GOAL OF THE EXERCISE: Your answer should be only the lines below from the one with "Граничные уровни целочисленных" to the one with "Desde Chiang Mai: templos", repeated exactly, ends included.

START ENTRIES SUPPLIED

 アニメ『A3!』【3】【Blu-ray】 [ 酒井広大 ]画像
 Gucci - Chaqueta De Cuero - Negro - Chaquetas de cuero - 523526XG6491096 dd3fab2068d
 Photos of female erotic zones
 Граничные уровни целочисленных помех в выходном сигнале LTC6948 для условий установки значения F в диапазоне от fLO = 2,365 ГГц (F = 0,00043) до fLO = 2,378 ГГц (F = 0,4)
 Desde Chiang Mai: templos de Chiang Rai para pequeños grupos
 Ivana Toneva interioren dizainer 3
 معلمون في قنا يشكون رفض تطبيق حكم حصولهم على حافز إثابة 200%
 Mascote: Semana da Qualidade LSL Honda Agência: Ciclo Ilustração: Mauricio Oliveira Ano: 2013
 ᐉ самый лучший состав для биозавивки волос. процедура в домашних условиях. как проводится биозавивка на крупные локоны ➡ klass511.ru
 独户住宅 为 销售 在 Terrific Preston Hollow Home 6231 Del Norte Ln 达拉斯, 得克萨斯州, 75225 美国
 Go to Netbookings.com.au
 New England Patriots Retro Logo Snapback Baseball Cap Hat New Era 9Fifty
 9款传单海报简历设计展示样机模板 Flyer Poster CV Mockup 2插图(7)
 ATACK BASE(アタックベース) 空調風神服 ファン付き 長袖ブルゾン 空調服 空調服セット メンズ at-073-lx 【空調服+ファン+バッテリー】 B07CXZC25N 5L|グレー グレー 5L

END ENTRIES SUPPLIED

PROBLEM SOLUTION:
 Граничные уровни целочисленных помех в выходном сигнале LTC6948 для условий установки значения F в диапазоне от fLO = 2,365 ГГц (F = 0,00043) до fLO = 2,378 ГГц (F = 0,4)
 Desde Chiang Mai: templos de Chiang Rai para pequeños grupos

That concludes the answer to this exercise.